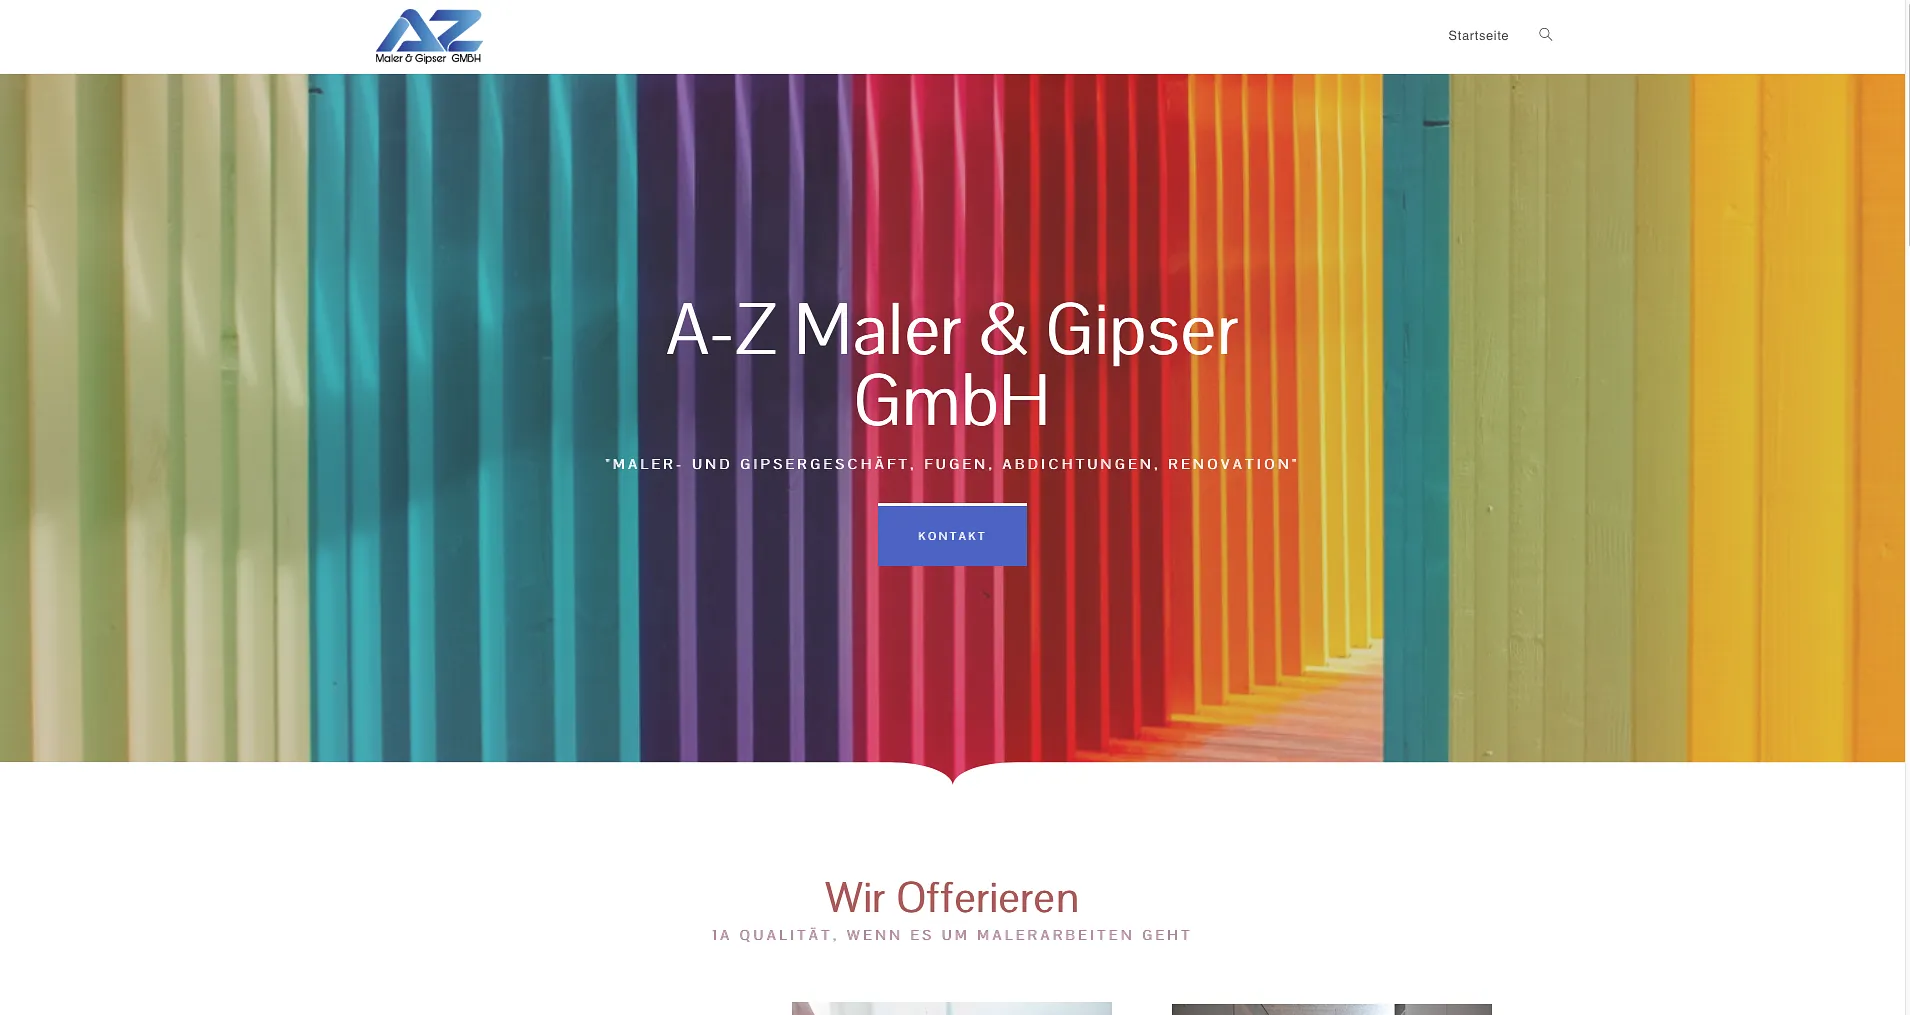 A-Z Maler und Gipser GmbH
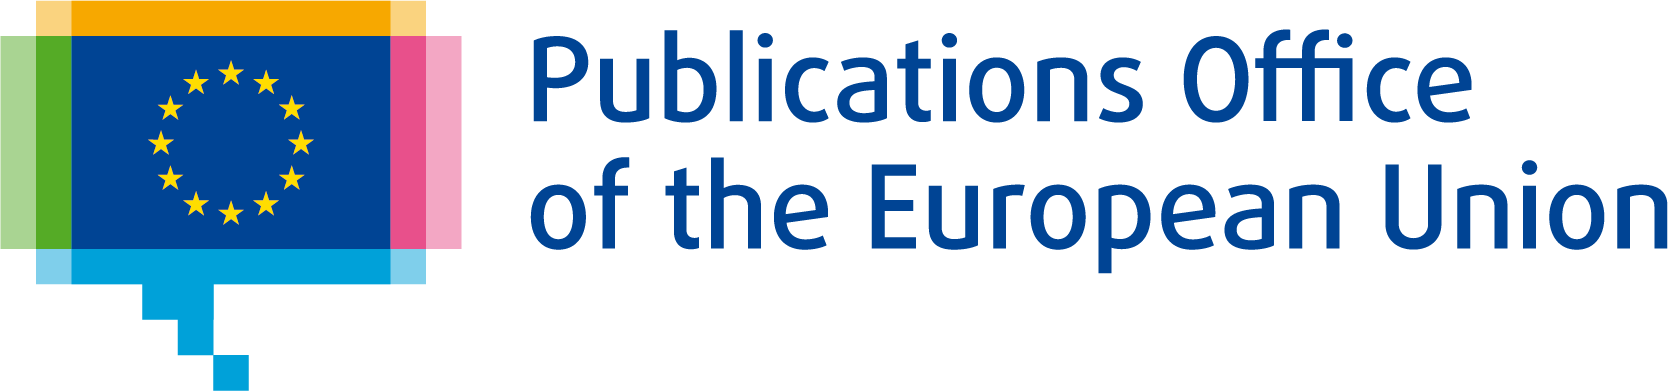 EU Publications
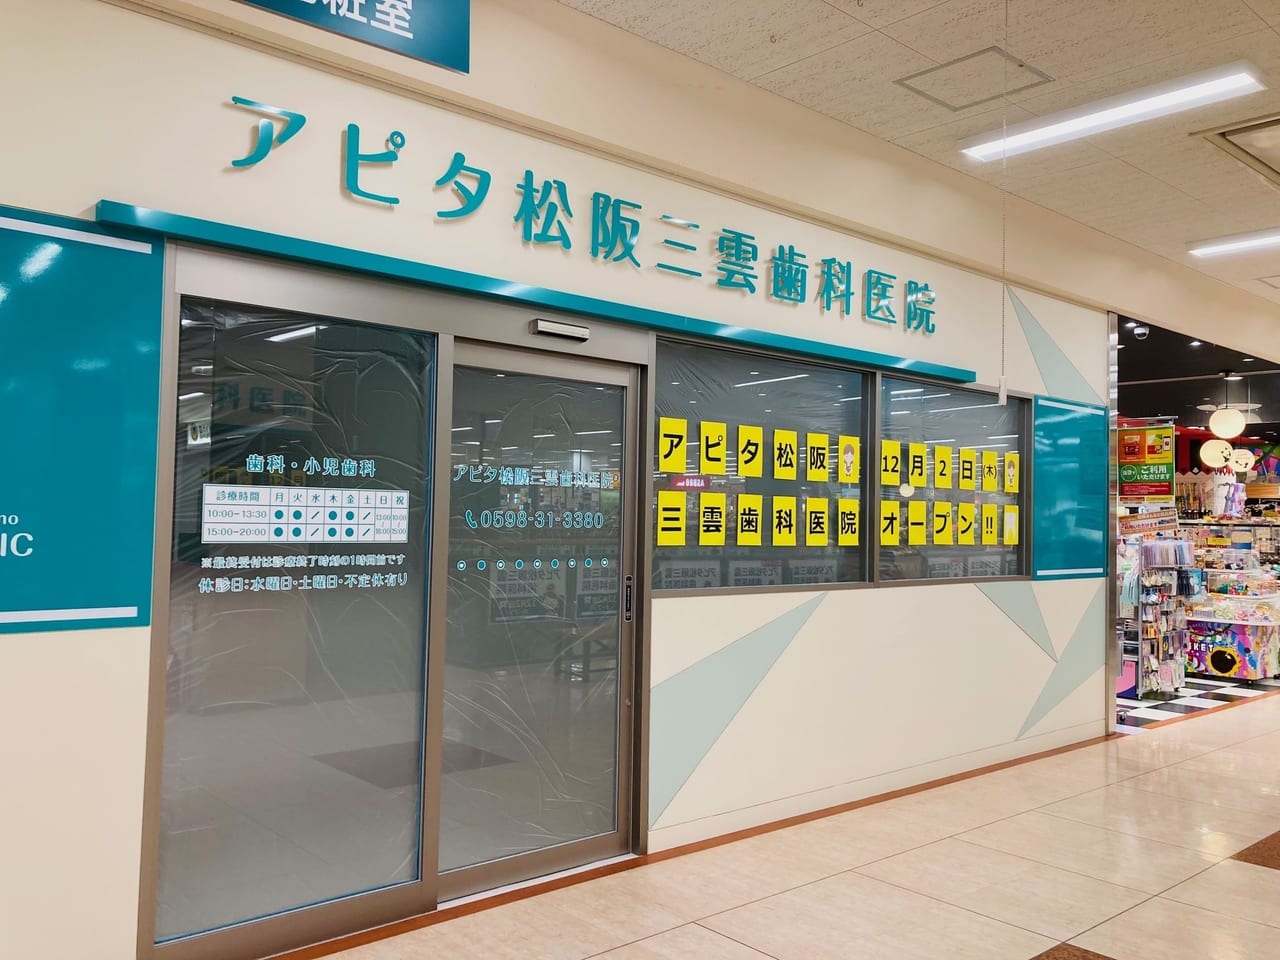 アピタ松阪三雲店2階にオープンするアピタ松阪三雲歯科医院の入口

◇ ◇ ◇ ◇ ◇

* _Task to carry out_
The lines from the one containing "EU Publications" to the final line of the material, both ends included, should be retyped exactly and alone, with no pictures.

* _Answer to this problem_
 EU Publications
 アピタ松阪三雲店2階にオープンするアピタ松阪三雲歯科医院の入口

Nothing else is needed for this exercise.